Кто из любви к отечеству пал за него героем,
Молитв и слёз людских тот истинно достоин.
Среди прославленных имён его всех ярче имя,
И чести большей никому уж не стяжать;
И, как когда‑то мать,
Народ покоит тихий сон его отныне.

Пеги замечает, что заглавия стихотворных произведений Гюго не помнятся, стихи известны и как будто раскрываются начальной строкой, да и сам Гюго называл многое из написанного им именно так, первыми словами, и такие названия произведений, по мнению Пеги, самые лучшие. Пеги, беседуя с Алеви на страницах эссе, перечитывает, повторяет строки из Гюго, на иных задерживается, некоторыми восхищается особенно: он более всего ценит в творчестве классика монументальные, патетические, возвышенные образы и чувства, бравурность и упругость поэтической речи.

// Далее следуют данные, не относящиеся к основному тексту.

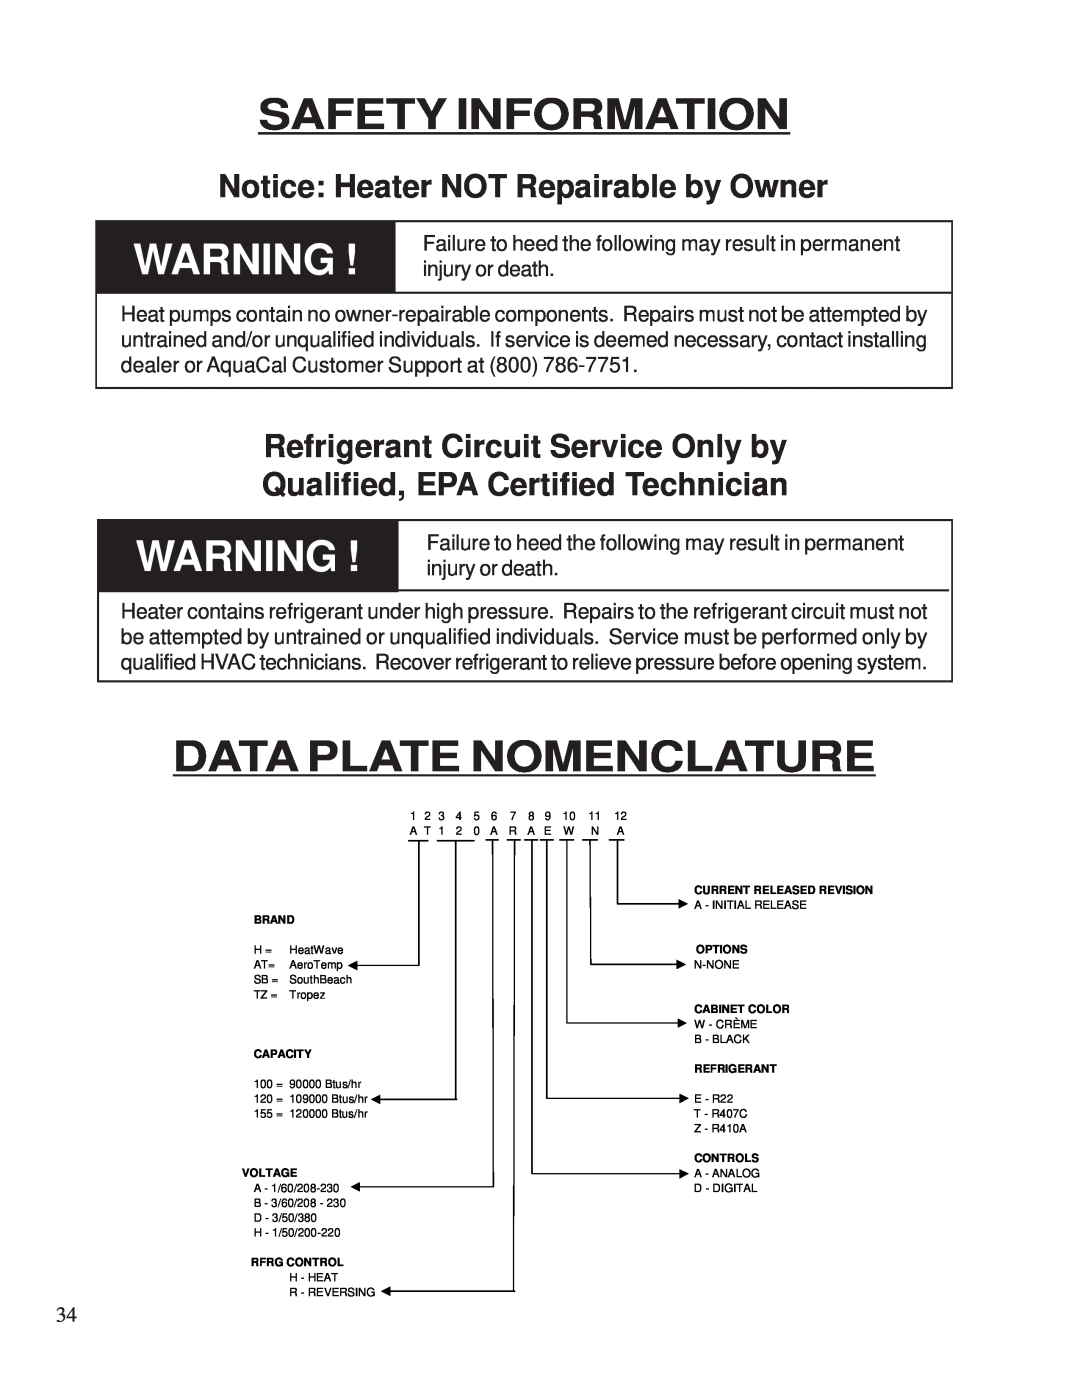 Aquacal 155, 120 owner manual Data Plate Nomenclature, Safety Information, Notice: Heater NOT Repairable by Owner 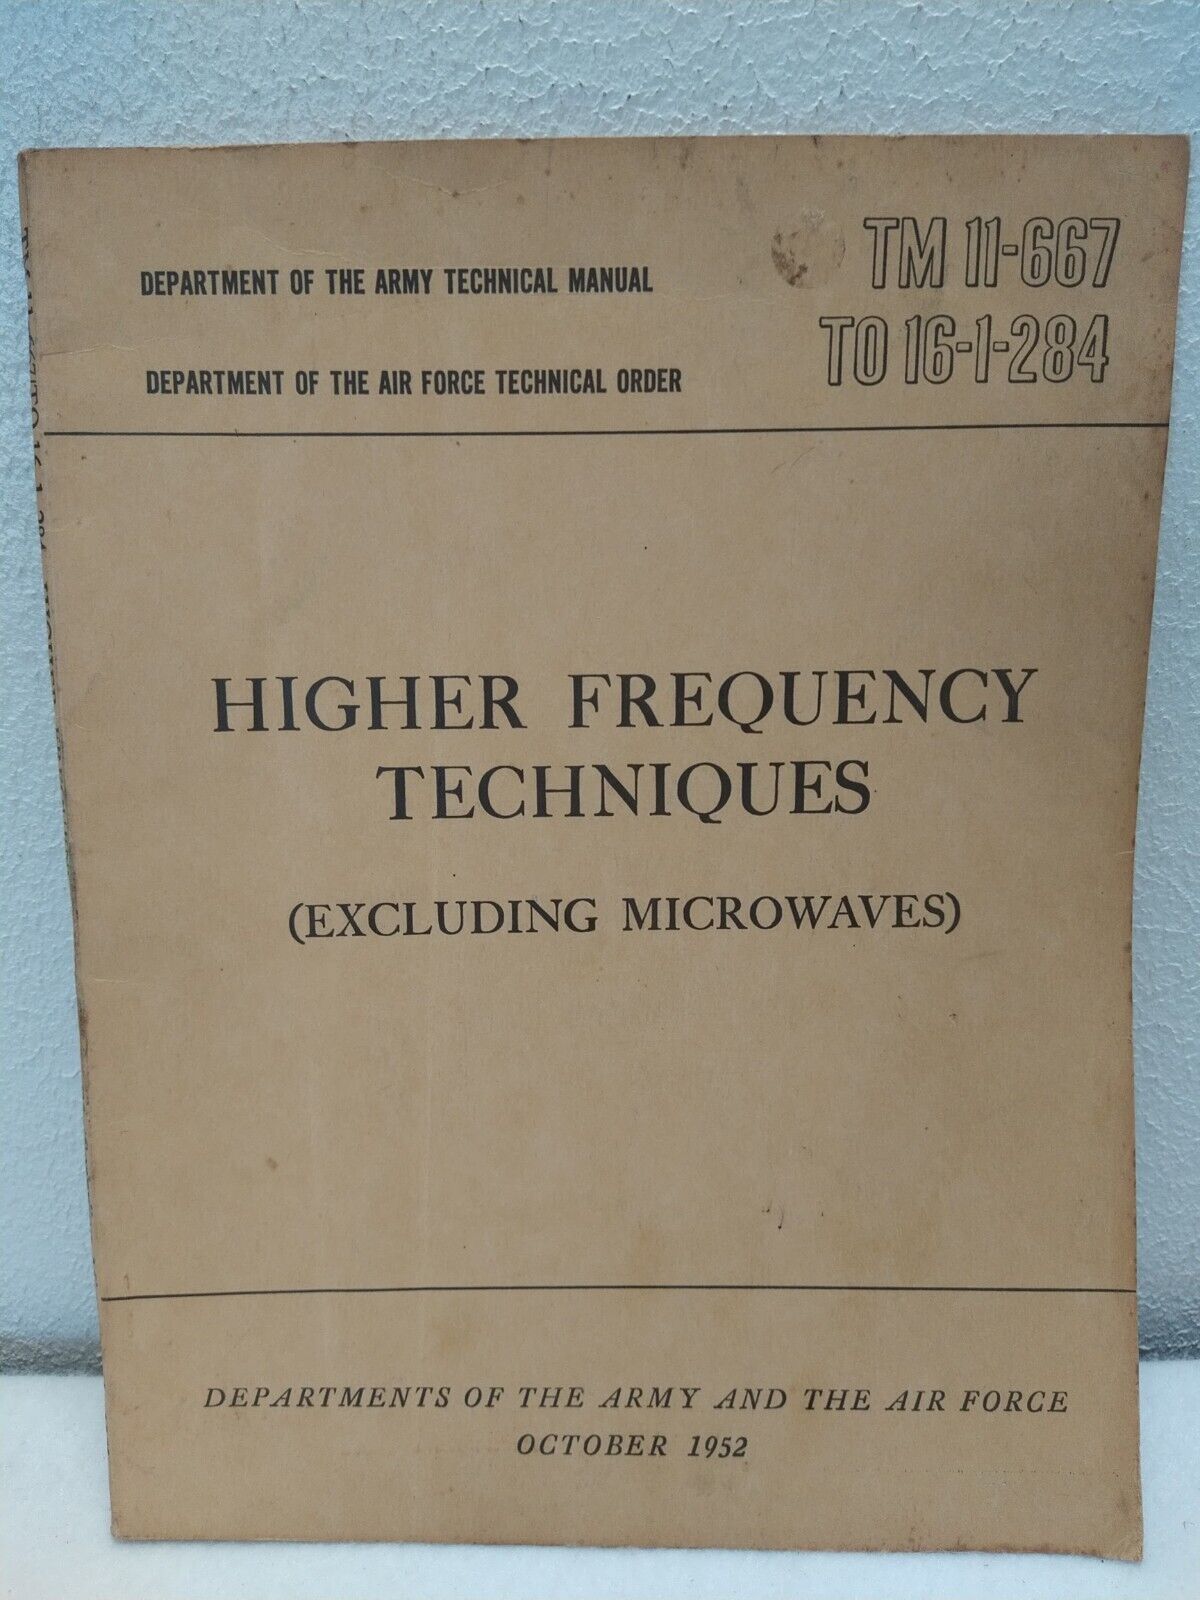 1952 Army Higher Frequency Techniques Excluding Microwaves TM 11-667 to 16-1-284

Пеги приводит несколько примеров типичной психоречевой ситуации, когда одно слово, или словосочетание, или просто картина из повседневности притягивают к себе поток известных строк. Слово, побывавшее в строке, в маленьком стихотворном мире, возвращается в язык изменившимся; некоторое время оно проникнуто атмосферой определённого соседства, сопряжено со всей той семьёй слов, с которыми породнилось счастливым мановением поэта. К примеру, слово «закат», или, полнее, вид уходящего за край земли солнца вызывают в памяти Пеги «суровые стихи»:

Случается, закат нам кажется рассветом!
И человек, поднявшись к солнцу ото сна,
Надеясь быть всегда его теплом согретым,
Закату отдаёт все упованье дня!

(«Прелюдия » из сб. «Песни сумерек»)

Рассуждение о начальных строках, первых словах приводят к некоторым обобщениям: на взгляд Пеги, редко что было таким важным для Гюго, как именно начало, вход, импульс, верно заданный тон. Гюго в глазах Пеги предстаёт художником открытия, свидетелем рубежа, описателем того переломного момента, который одновременно и разделяет и соединяет смутное предчувствие, предугадывание форм и само оформление ощущений. Это переживание откровения, мгновение удивления как будто передвигается по тексту и из созданного поэтом те произведения считаются по праву лучшими, которые сохраняют живость и свежесть открытия, вхождения в новое в любом фрагменте, строфе, части, будь то в начале, в середине или ближе к концу текста.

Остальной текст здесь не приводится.